- Reign: 1924–1962
- Coronation: 1924
- Predecessor: Igwe Orizu I (Eze Ugbonyamba)
- Successor: Igwe Kenneth Onyeneke Orizu III
- Born: Josiah Nnaji Orizu 1902
- Died: 1962 (aged 59–60) Igwe Palace, Otolo Nnewi
- Burial: May 25, 1963 Otolo Nnewi
- Issue: Kenneth Onyeke Orizu
- House: Nnofo
- Father: Eze Ugbonyamba "Igwe Orizu I"
- Religion: Christianity & Animism

= Josiah Orizu II =

Igwe Josiah Nnaji Orizu II (1902–1962) was the 19th Obi of Otolo and Igwe of Nnewi kingdom. He took the ofo of Nnewi in 1924 after his father's death. He is a member of the Nnofo Royal lineage and the successor to his father Igwe Orizu I (Eze Ugbonyamba). He was the first Igwe to officially become a Christian, although the traditional rulers of Nnewi are the ofo holders and as such, preservers and upholders of Nnewi culture and traditions.

He is the brother of Nigeria's first republic senate president and acting president, Prince Nwafor Orizu and the father of Igwe Kenneth Onyeneke Orizu III his successor.

== Early life ==

Igwe Josiah Orizu had strong missionary upbringing as ward to the Late Reverend Ibeneme of Obosi. His early education began at Primary School Arondizuogu. He later went to C.M.S Central School, Nkwo-Nnewi from where he went to Hope Waddell Training institute, Calabar, where he remained until 1924. He was re-called home in 1924 at the death of his father, Igwe Orizu I. He was enthroned that same year the 19th Igwe of Nnewi.

== Reign ==
During his reign, Igwe Josiah Orizu II set out with courage to work out a programme of community development.
1. He began with a palace dispensary where patients were treated freely.
2. He attracted the local Authority Treasury and Nnewi Postal Agency which were followed by a modern Post Office in 1951.
3. Working with the support of the Nnewi patriotic Association; the Igwe brought about many local reforms that included recognition of twins. establishment of leprosy and yaws treatment clinics at Nnewi-Amichi border also was accomplished.
4. He has also served as president of the Nnewi district (Agbaja) customary court for a number of years and was until his death a traditional member of the Onitsha southern county council.
5. The native authority dispensary at Eme was given full recognition by the British colonial administration under his reign.
6. He streamlined Nnewi customs and traditions regardless of his strong Christian leaning. This led to the first celebration of the first yam festival in NNewi in 1932 known as Afia-Olu. Before then only Uruagu celebrated the festival.
7. With full support of the other three Obis, major roads leading to all four quarters of Nnewi were constructed with the assistance of the native authority administration.
During his rule, Nnewi witnessed an unprecedented number of development projects, including the establishment of 20 primary schools, two teacher-training colleges, three secondary schools, a post office and a government general hospital.

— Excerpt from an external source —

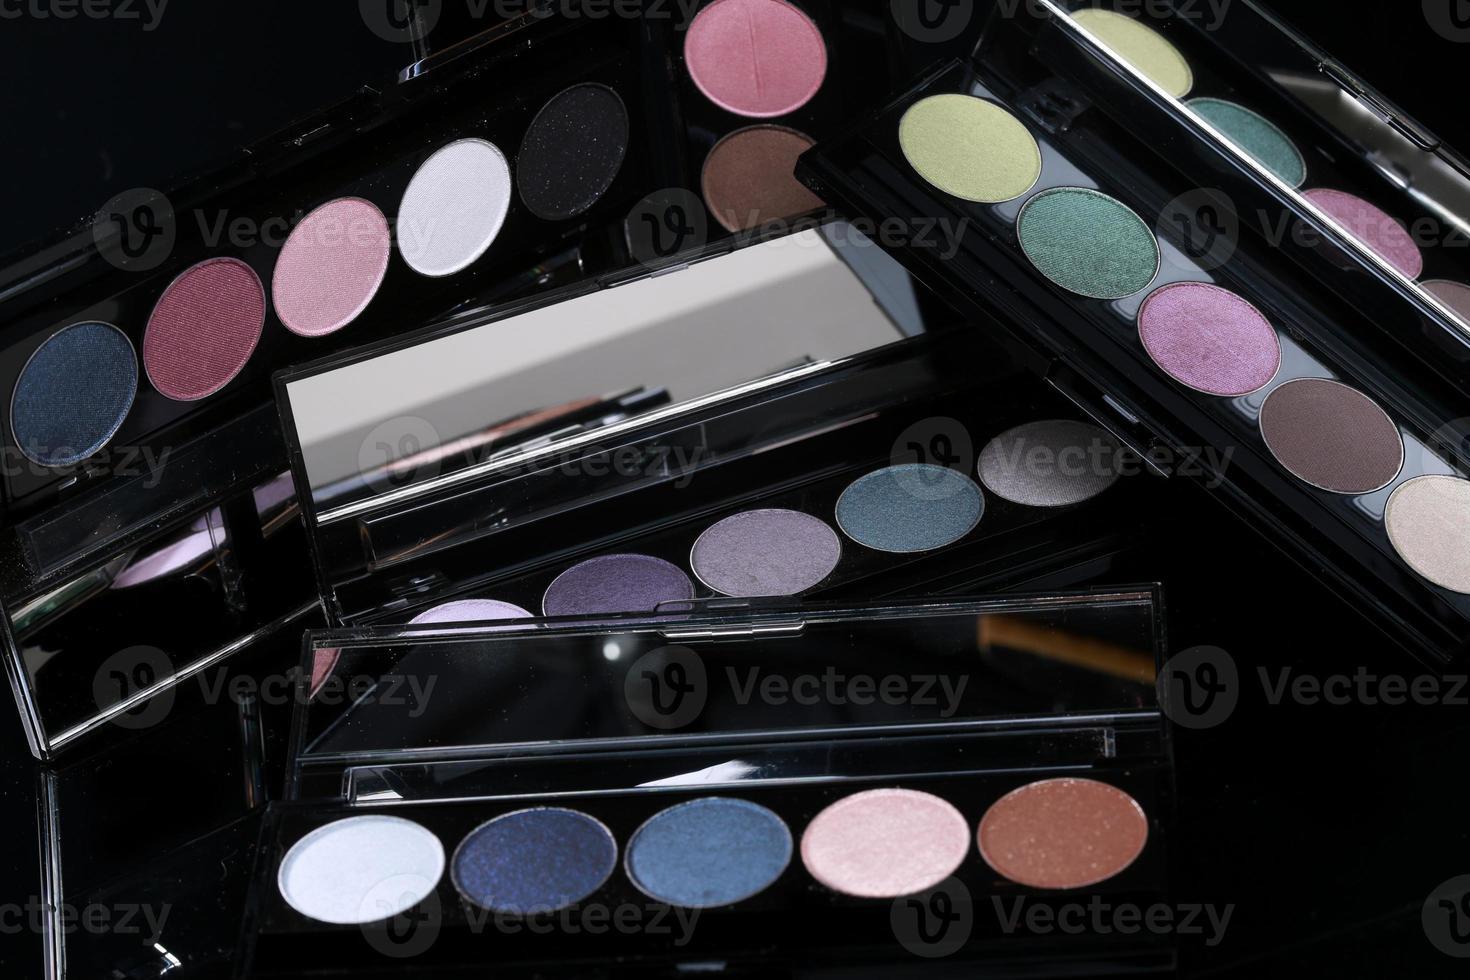 kleurrijke oogschaduwcollecties op zwarte achtergrond foto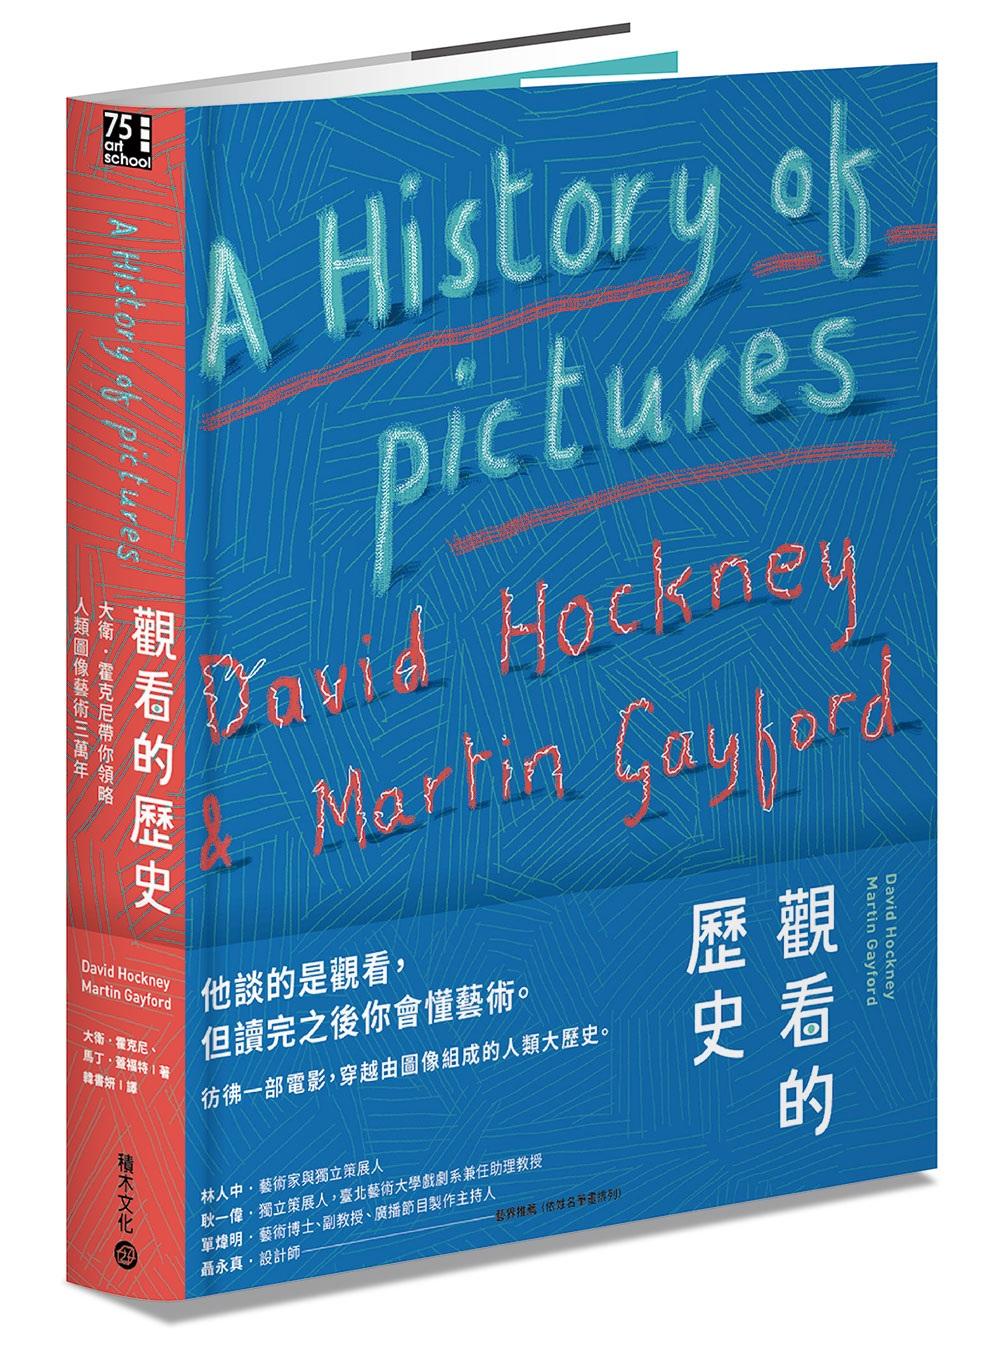 觀看的歷史:大衛.霍克尼帶你領略人類圖像藝術三萬年

He was the first president General of the Eastern Chiefs conference which was founded in his palace at Nnewi in 1952. Igwe Orizu II was elected to the Eastern House of chiefs in 1959 the eve of Nigeria's Independence. In 1960 he became a foundation member of the Eastern house of chiefs.

== Family ==

Until his death in 1962, Josiah Orizu leaves behind to mourn him 15 wives, 61 sons, 72 daughters and 107 grandchildren.